▶ [Data section]
---+---
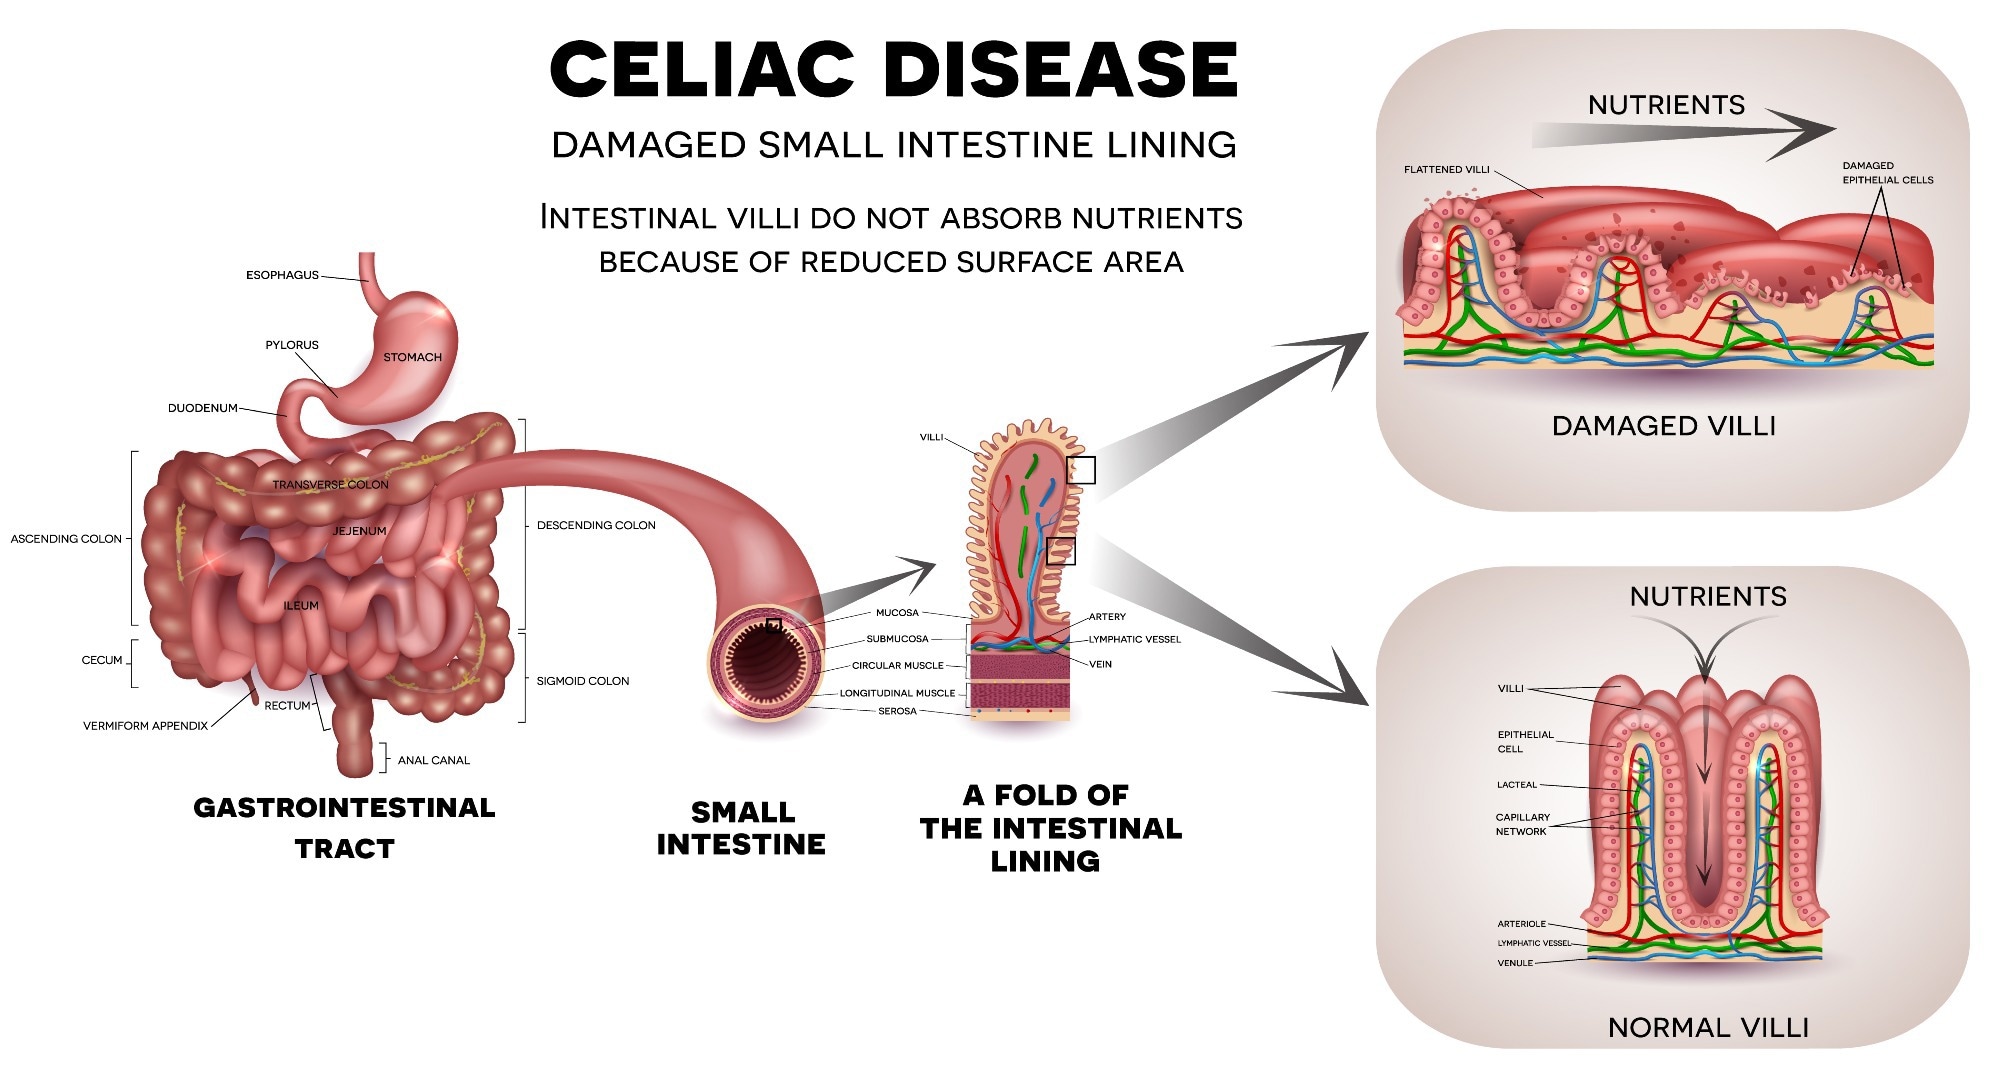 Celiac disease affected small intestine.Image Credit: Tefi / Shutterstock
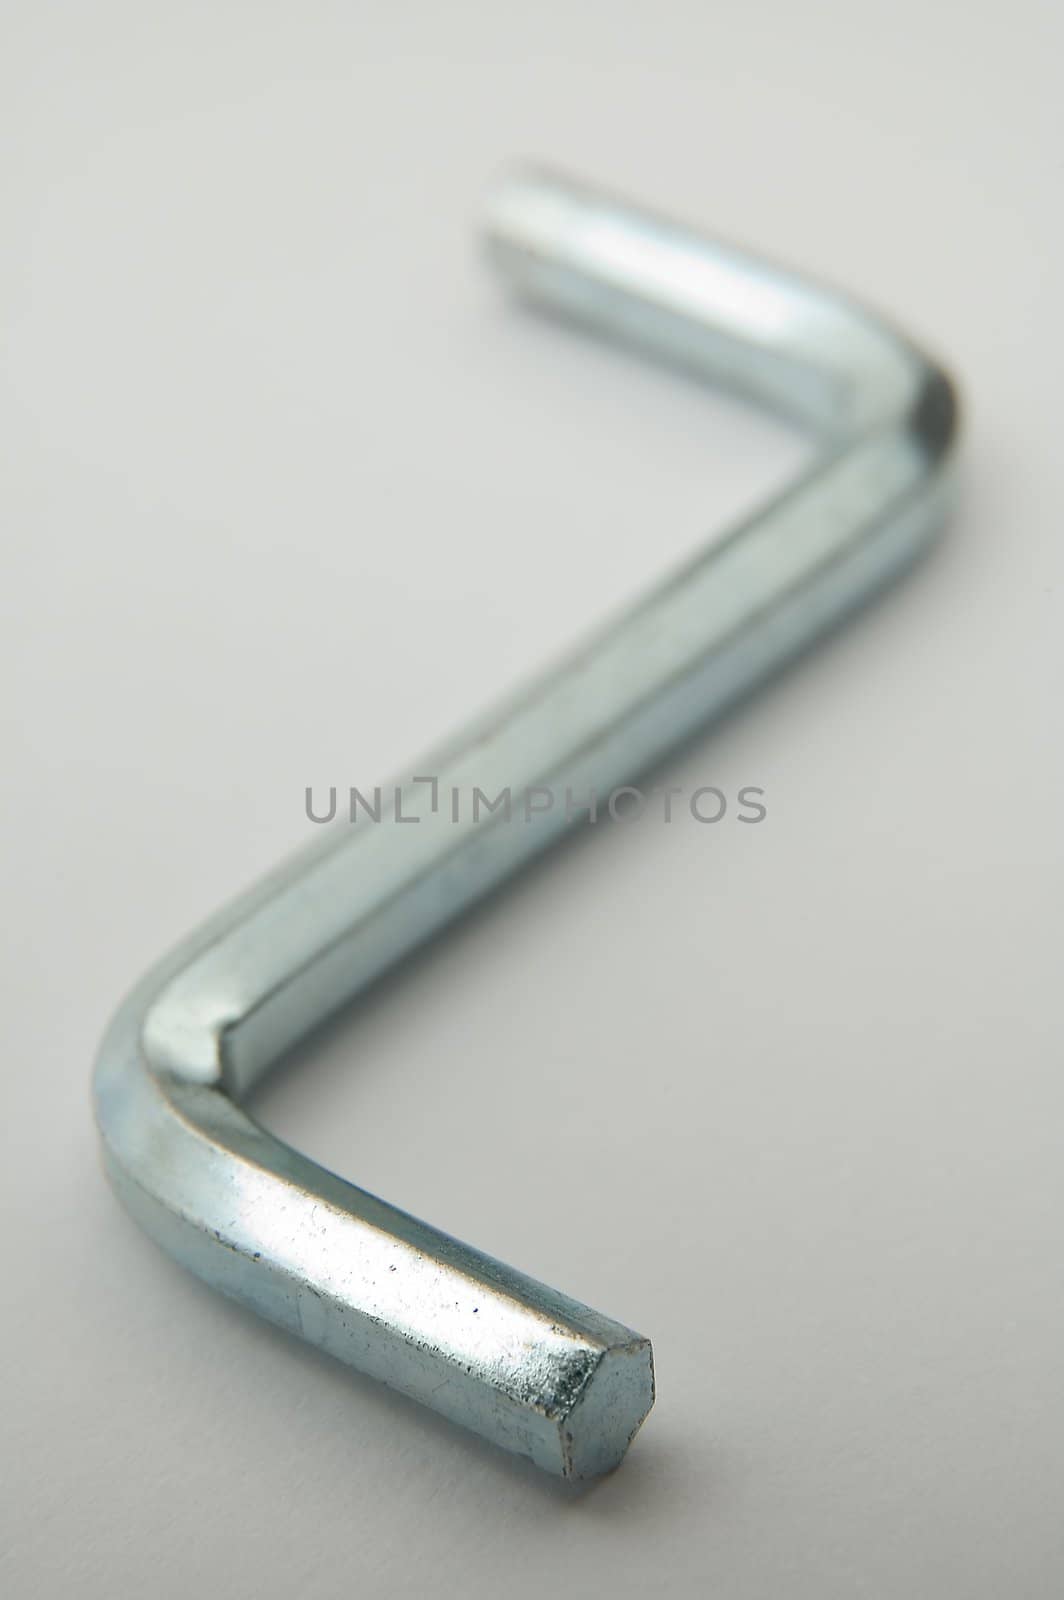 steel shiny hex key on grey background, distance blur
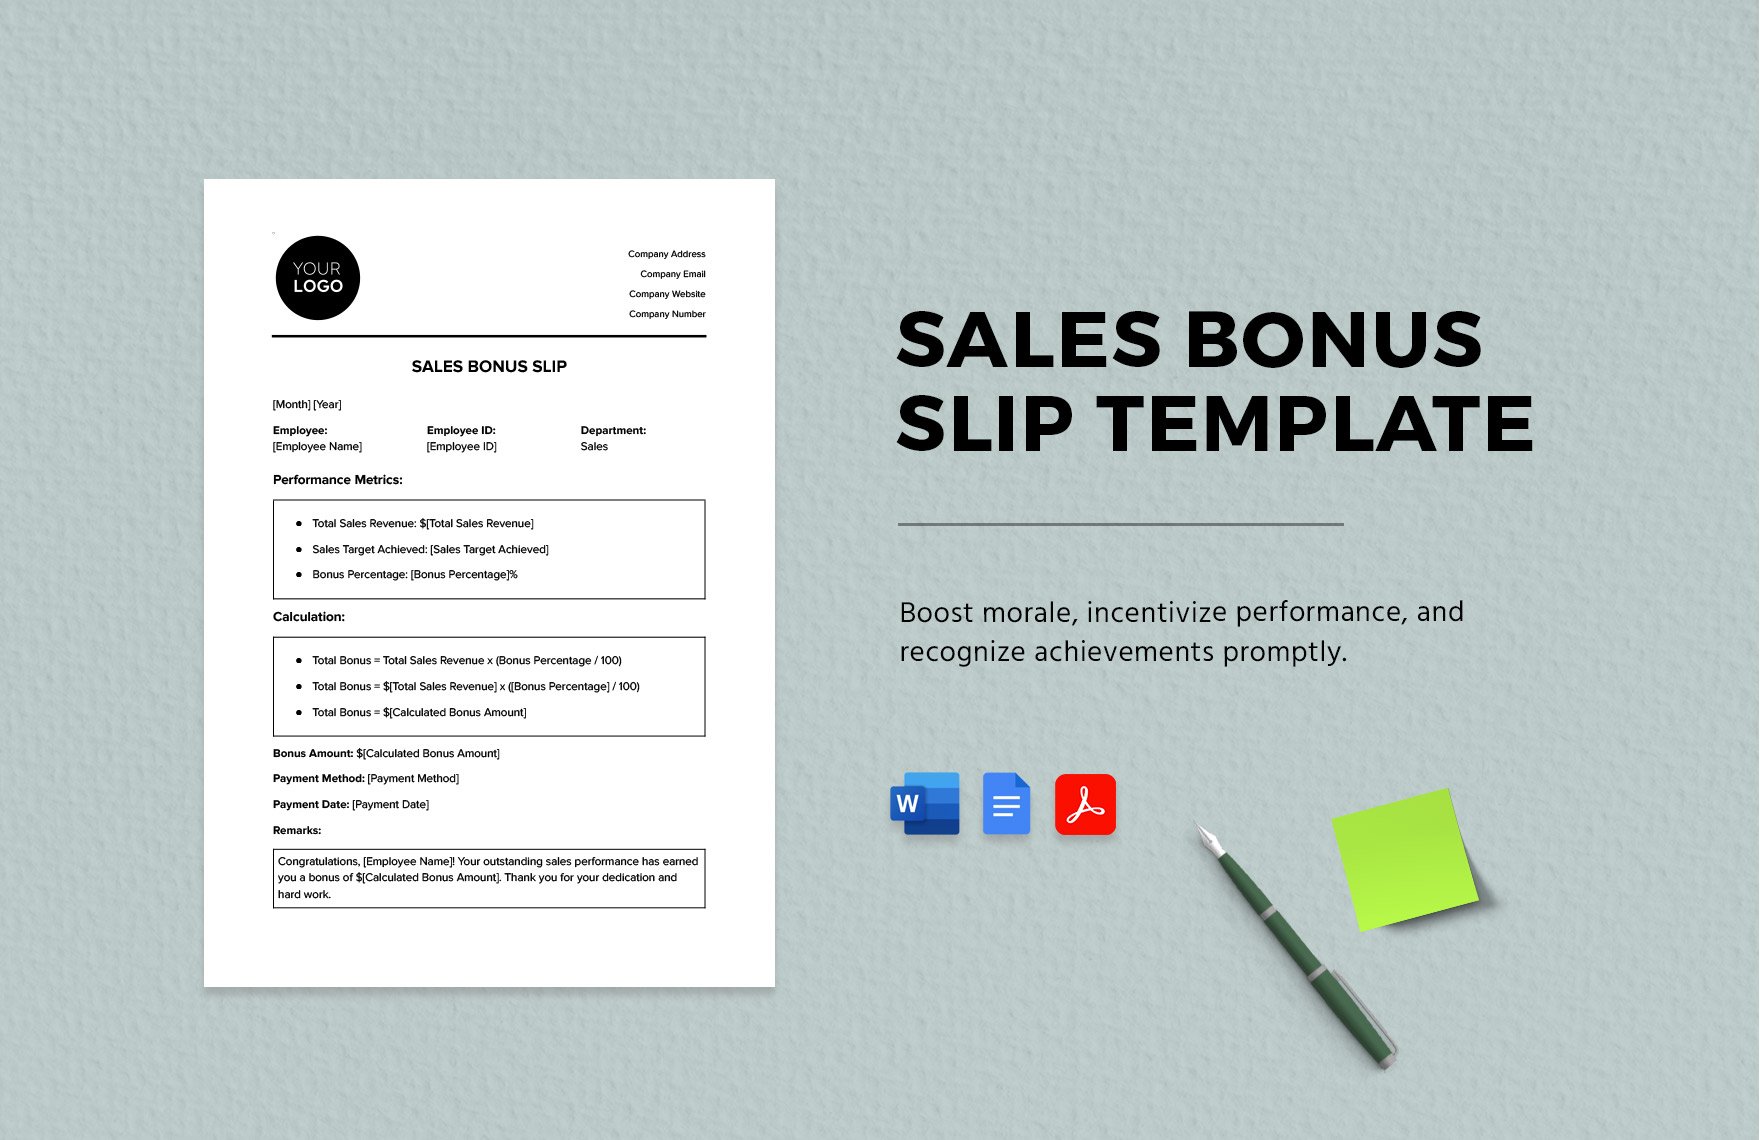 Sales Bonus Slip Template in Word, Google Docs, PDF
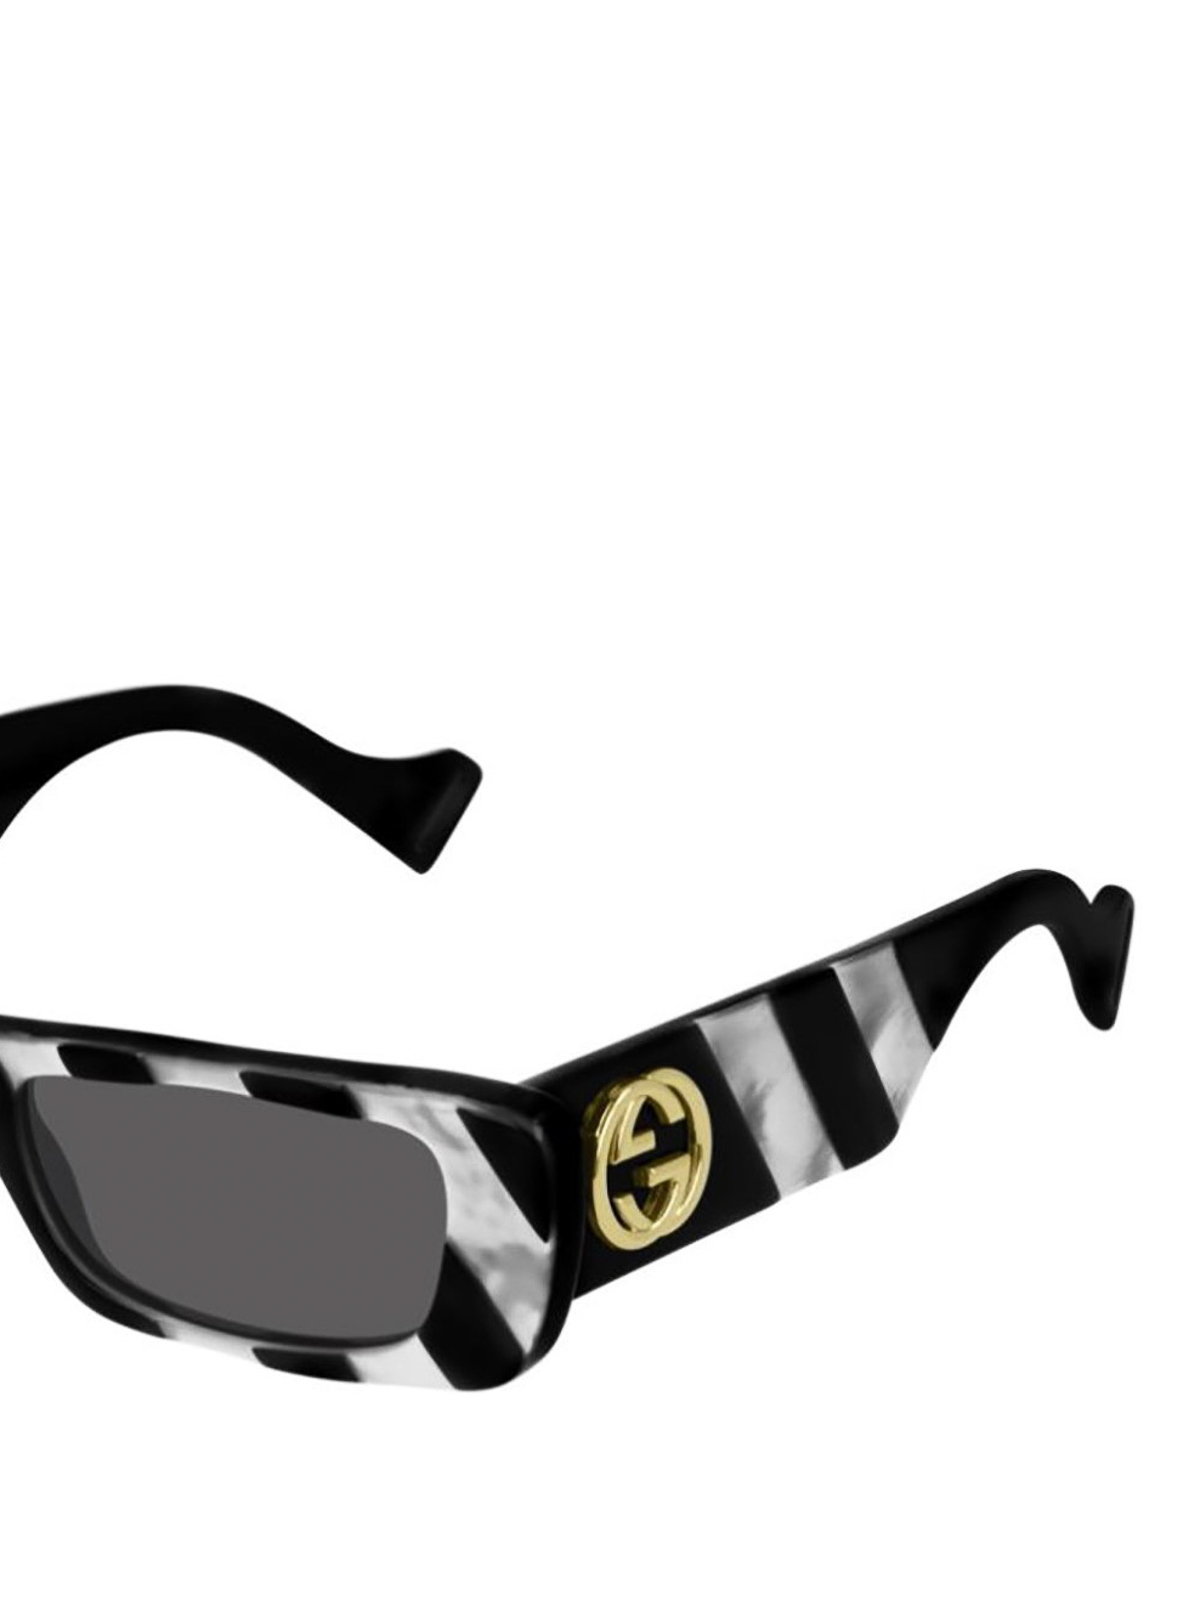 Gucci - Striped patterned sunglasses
---+---
All that is needed is the lines from the line holding "Sales Bonus Slip" to the final line of the listing above, repeated exactly, pictures excluded.

▶ [Solution for this task]
 Sales Bonus Slip Template in Word, Google Docs, PDF
 Gucci - Striped patterned sunglasses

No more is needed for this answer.